The case contains no motion for judgment in favor of the defendants upon the report, but is here upon exception to a decree rejecting upon motion of the plaintiffs the conclusion of the triers of fact, and establishing as the true line what is called the "charter line." Assuming that by the "charter line" is meant a line run as nearly as can now be done in accordance with the calls of the charter, a fatal objection to the decree is the fact that the location of such a line at the point in dispute has not been determined. The report states the claim of the plaintiffs and their surveyor on the point, but does not decide it. By the charter of Bath, which is made a part of the case, the charter line commences at a bound at the mouth of the Ammonoosuc river and runs thence up the Connecticut river to a bound described, thence easterly, southerly, and westerly on named courses of about six miles each in length, to the bound begun at. The point in dispute is situate on the last line, approximately near the point found to have been always recognized as the corner from which the description starts. The point in dispute is therefore practically eighteen miles from the starting point; and that different surveyors would now run this line without a variation of as much as seventy feet (the distance *Page 514 in dispute) cannot be held as matter of law. It may be inferred from the report to have been conceded that, starting from the recognized corner and reversing the charter course, the line would cross the bridge substantially as the plaintiffs claim; but this fact would be evidence merely — not necessarily decisive — upon the question where a line run on the calls of the charter would cross the bridge. As no facts have been found sufficient in any view of the law to authorize the decree which was made, the exception thereto must be sustained and the decree set aside.

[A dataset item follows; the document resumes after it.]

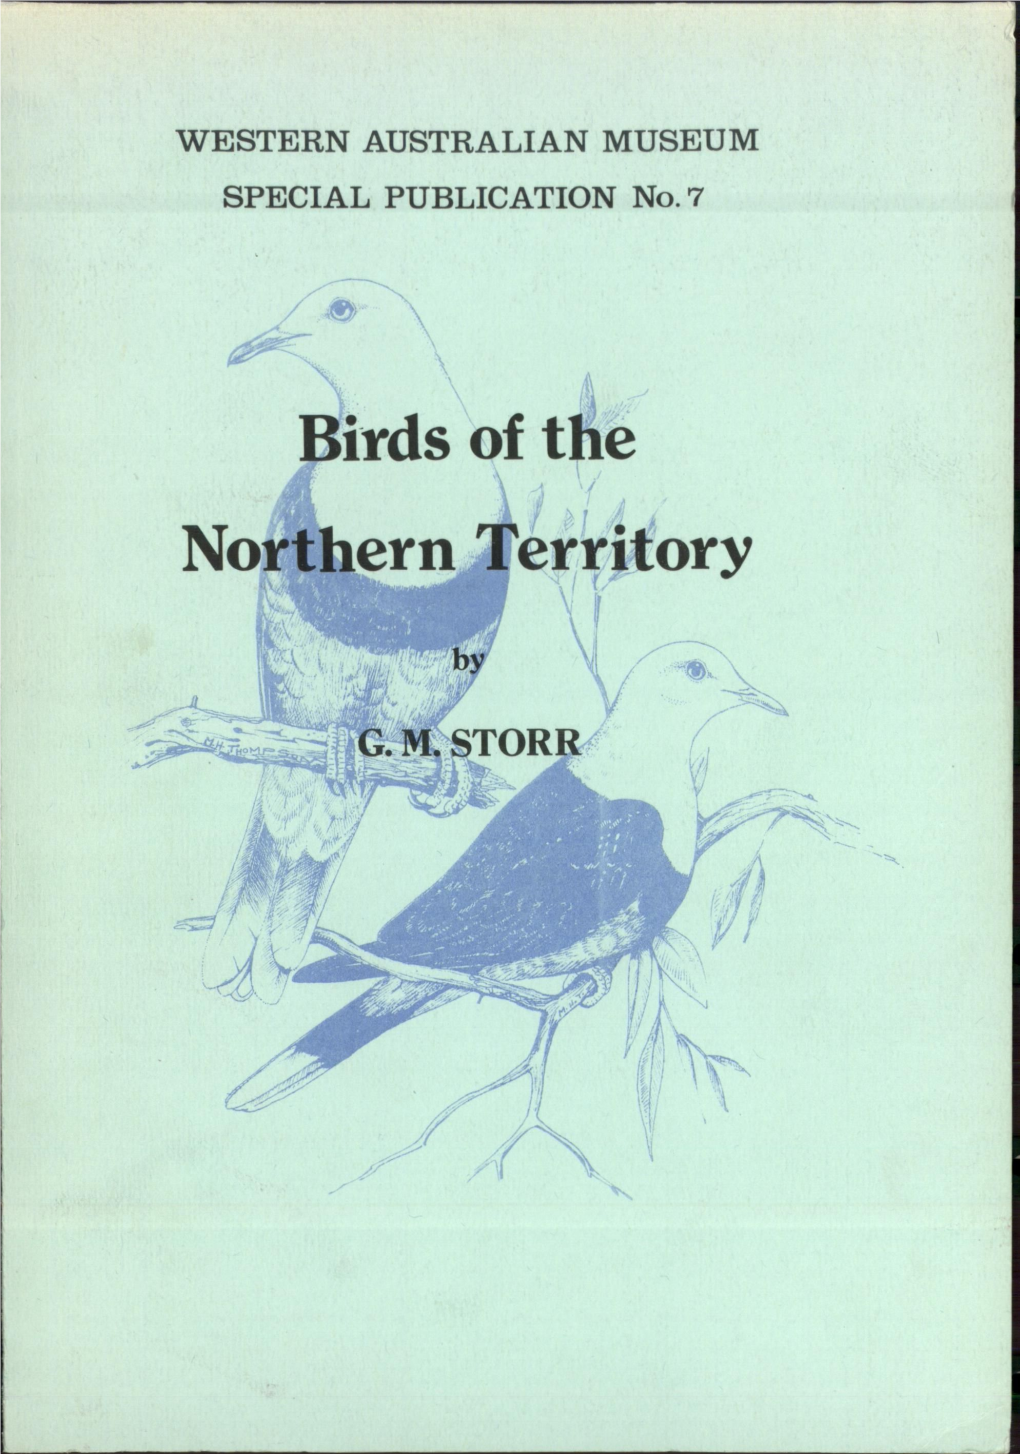 Birds of the Northern Territory

The material question between the parties, however, is whether there was legal error in the conclusion of the commissioners that the boundary between the towns was at the center pier where they have marked the line. When a line has been located and established, and treated for more than fifty years as the correct line between the towns, such line must be regarded as the true jurisdictional line between them, although it may differ from the calls of the charter. Hanson v. Russel, 28 N.H. 111. "Its actual situs upon the ground might be determined by a practical location long established and acquiesced in, . . . even if such line were variant from that described in the act of incorporation." Heywood v. Lumber Co,70 N.H. 24, 29. Whether there had been such practical location, long established and acquiesced in, at any point on the bridge, was a question of fact upon which there was evidence before the committee. From 1829 to 1894, the town of Bath maintained the bridge to the center of the middle pier. Bath paid one half of the expense of building the bridge, and, in 1887, one half of the expense of repairing the pier; and in a perambulation made in 1875, the pier is mentioned as a monument through which the boundary line runs. It also appeared from a perambulation in 1840, that the recognized line on the ground was not a straight line, as called for by the charter. From this evidence it could be found that there was a practical location of the boundary line differing from the calls of the charter, long recognized and acquiesced in, and that the line adopted and recognized passed through the center pier at the point where the commissioners marked it. These facts are evidence from which the fact as to the true location of the line might be found as the committee have found it. It is immaterial that there was evidence tending to an opposite conclusion. There has been no suggestion that the report should be set aside as against the weight of the evidence. Drown v. Hamilton, 68 N.H. 23. The exceptions are sustained.

Decree set aside: judgment on the report for the defendants.